D. Jesús Miguel Martín Ortega – (Diario de León, 30/08/2025)
Parece que lo de escoger los primeros puestos viene de antiguo. Jesús de Nazaret tuvo la oportunidad de comprobarlo en la sociedad de su tiempo. Y aprovechó tal circunstancia para hacerles ver a sus discípulos que esa actitud no casaba con su Evangelio.
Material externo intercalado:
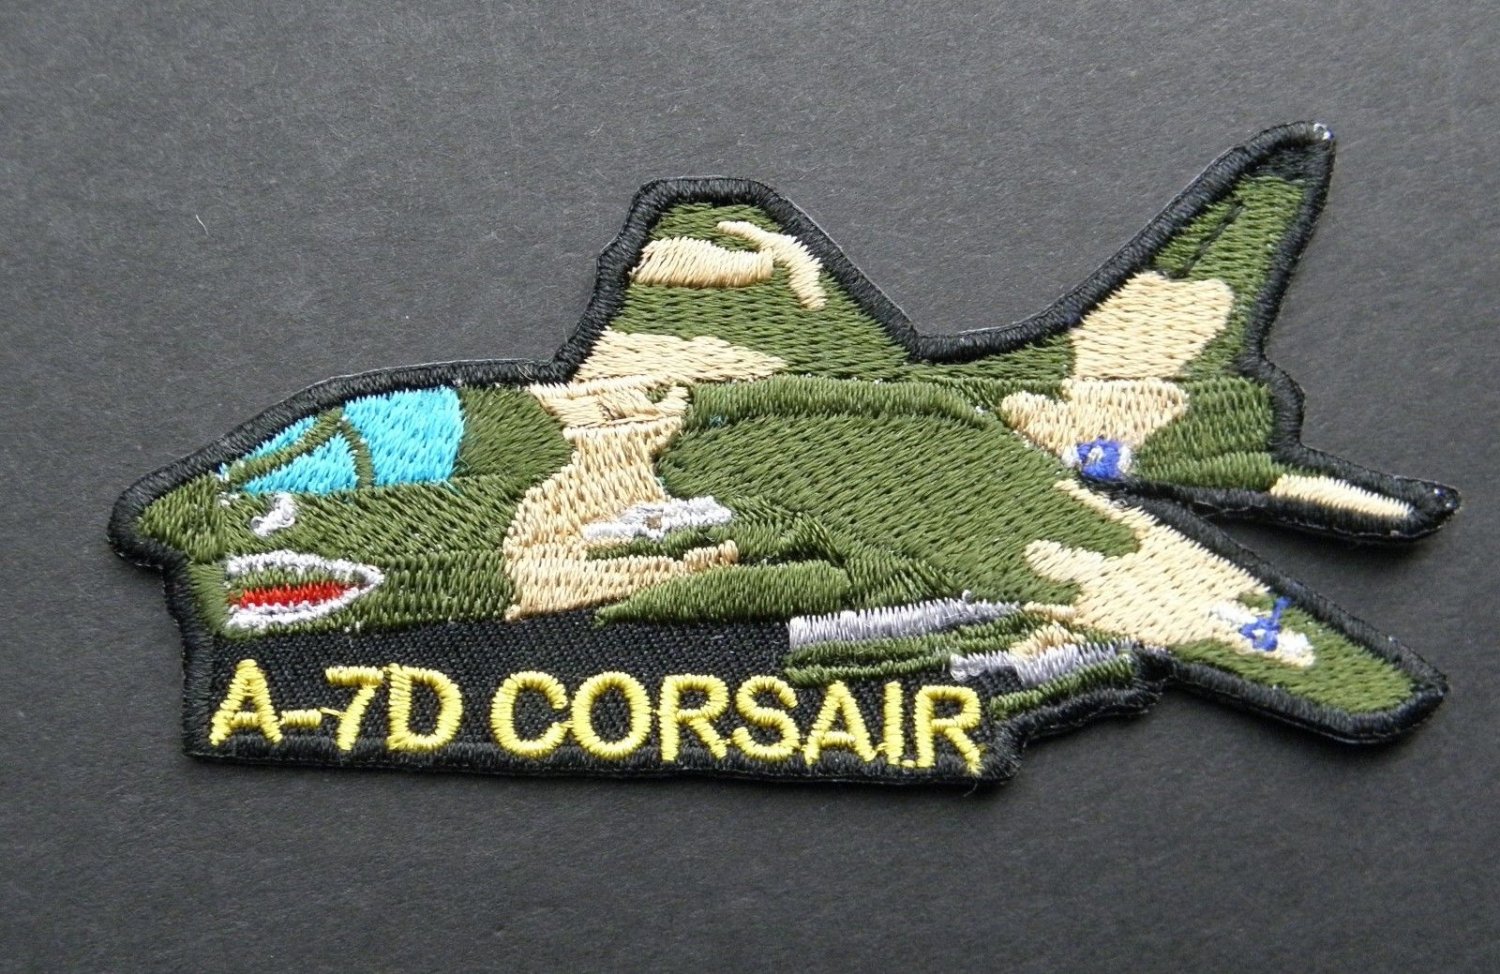 Corsair A-7D Fighter Aircraft Embroidered Patch 4 Inches

En el corazón del ser humano siempre anidan los deseos de medrar, de sobresalir, de figurar por encima de los demás. El orgullo, la soberbia, la altanería, la arrogancia, la vanidad, nos conducen al error de pensar que somos más importantes que los demás. Tal actitud se manifiesta en buscar, en toda circunstancia, los primeros puestos. Podríamos decir que para poner freno a la desmesura de la arrogancia, se elaboró el protocolo que evitara los conflictos por disputar honores y dignidades.
Jesús nos viene a decir que existe otro procedimiento mucho más eficaz para la superación de los conflictos en la búsqueda de los primeros puestos: el renunciar a ellos. Porque la vida misma nos enseña que todo el que se enaltece será humillado; y el que se humilla será enaltecido.
No son pocos los ámbitos sociales y eclesiales en los que sigue prevaleciendo esta actitud de enaltecerse, tan opuesta al Evangelio del Señor. Corregirlo no es fácil, aunque bastaría con renunciar a la propia autorreferencialidad, para asumir la referencia que nos ofrece la persona de Jesús. Él se abajó, se despojó de su rango, y vino a nuestro mundo no para ser servido sino para servir y dar su vida en rescate por muchos. Esa es la clave: servir dando la vida. Esa misma experiencia que muchos hemos tenido en nuestros hogares, en el amor de los padres y abuelos.
La humildad se convierte así en virtud fundamental, no sólo para los cristianos sino para todo ser humano. La humildad no es humillación. La humildad es la actitud propia del que mira con objetividad su propia estatura, ante Dios y ante los demás. Necesitamos mucha humildad para seguir a Jesús, para adentrarnos por el camino que es Buena Noticia.